You mean I should have dim
instead of len*dim
? Even when I'm working with stack_num!=1
?
But anyway self.nn is getting obs
of shape [bsz, len, dim]
when it is expecting [bsz, int(np.prod(state_shape))]
whatever that is.
In [16]: m = nn.LSTM(input_size=3, hidden_size=10, num_layers=1, batch_first=True)
In [17]: s = torch.zeros([64, 1, 3])
In [18]: ns, (h, c) = m(s)
In [19]: ns.shape, h.shape, c.shape
Out[19]: (torch.Size([64, 1, 10]), torch.Size([1, 64, 10]), torch.Size([1, 64, 10]))
In [20]: s = torch.zeros([64, 16, 3])
In [21]: ns, (h, c) = m(s)
In [22]: ns.shape, h.shape, c.shape
Out[22]: (torch.Size([64, 16, 10]), torch.Size([1, 64, 10]), torch.Size([1, 64, 10]))
The input of self.nn.forward
is always 3-dim tensor, not 2-dim.
If I have an observation of shape [bsz, len, dim]
what is the state_shape
argument that I should pass to RecurrentActorProb
?
Should be dim
. Let's take atari example: the observation space is (4, 84, 84) where 4 is len
. However, when defining recurrent network, the state_shape should be 84*84
instead of 4*84*84
, and the length of trajectory is defined in replay buffer's sampling method.

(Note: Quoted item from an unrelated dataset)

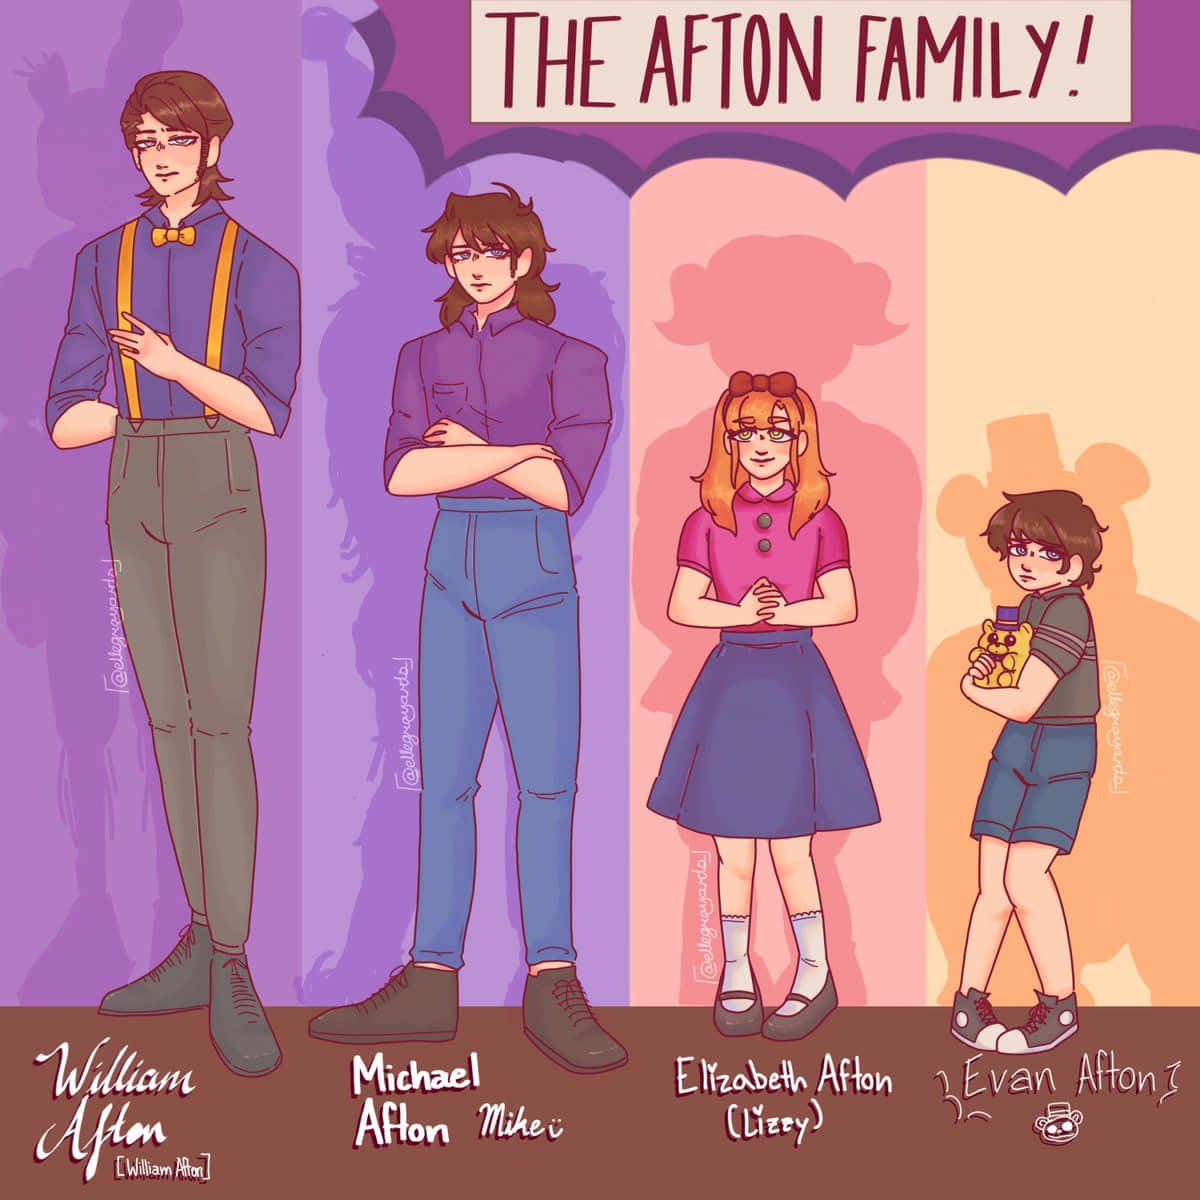 The afton family pictures

Okay, thanks for the support.
It is a little bit confusing since state_shape
for the normal ActorProb
is equal to obs.shape
, maybe you can consider making them (ActorProb
and RecurrentActorProb
) coherent in this regard.
Also, more ambitiously, maybe you can make the way of constructing RecurrentActorProb
and RecurrentCritic
with RecurentNet
like ActorProb
and Critic
are constructed with Net
.
But here comes the problem: there are two ways to perform this kind of stack-obs:
- gym.Env outputs single frame -- stack by buffer.sample();
- gym.Env outputs stacked frame by FrameStack env wrapper -- no stack at all, or de-stack -> save to buffer -> stack by buffer.sample();
I cannot make any assumption here so that's why the current code looks like.
For making CQL work with RNN, I changed tmp_obs
and tmp_obs_next
in cql.py>CQLPolicy>learn as follows:
tmp_obs = obs.unsqueeze(1) \
.repeat(1, self.num_repeat_actions, 1, 1) \
.view(batch_size * self.num_repeat_actions, obs.shape[-2], obs.shape[-1])

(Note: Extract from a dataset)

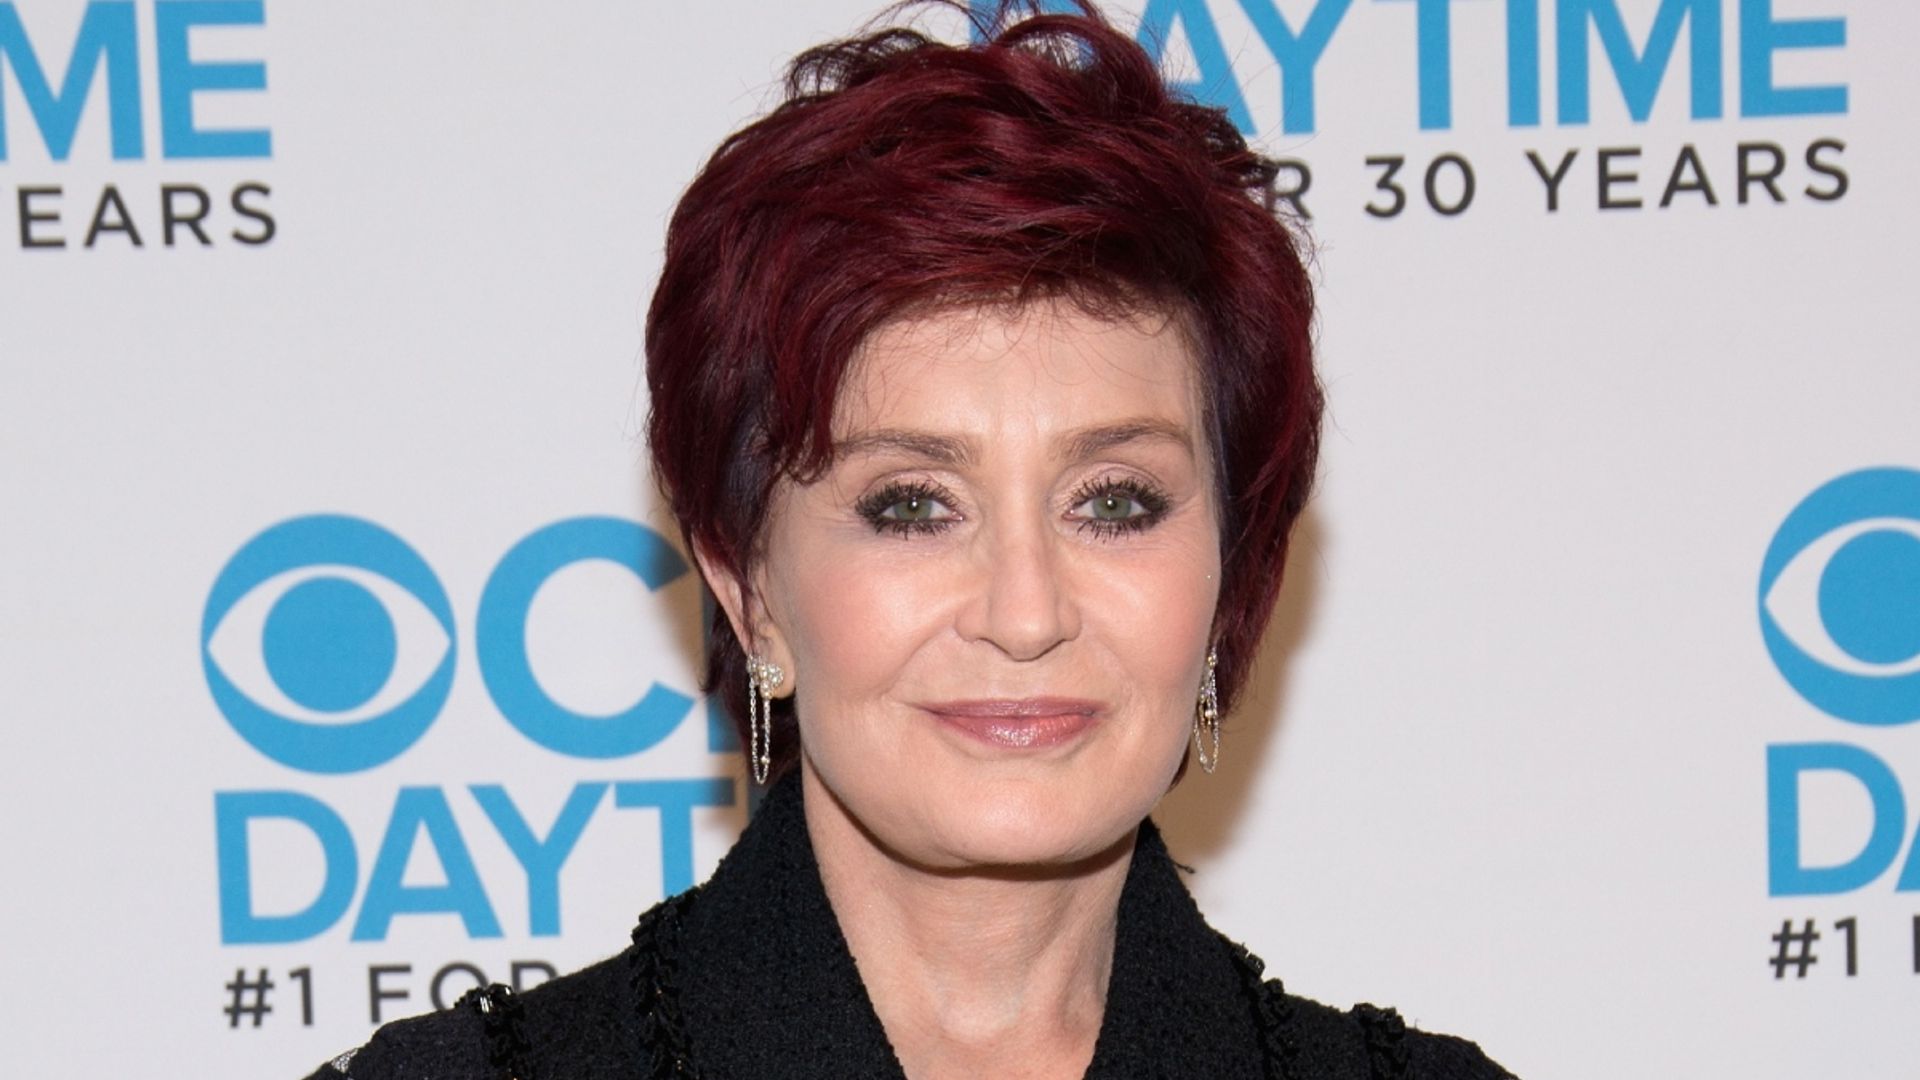 Sharon Osbourne announces television comeback as she returns to the UK

tmp_obs_next = obs_next.unsqueeze(1) \
.repeat(1, self.num_repeat_actions, 1, 1) \
.view(batch_size * self.num_repeat_actions, obs.shape[-2], obs.shape[-1])
Now the code executes without errors, but maybe I'm missing something else necessary for RNN to work correctly.
Glad to hear that!
Which task would you recommend for testing this solution? Ideally it should be a task in d4rl datasets and where SAC has been tried with RNNs and worked correctly, since CQL inherits from SAC.
Which task would you recommend for testing this solution? Ideally it should be a task in d4rl datasets and where SAC has been tried with RNNs and worked correctly, since CQL inherits from SAC.
I think that the task for testing CQL is the same as the task testing for SAC, e.g., Pendulum for unit test or halfcheetah-medium in d4rl. I don't know if the existence of RNN will affect the choice of tasks.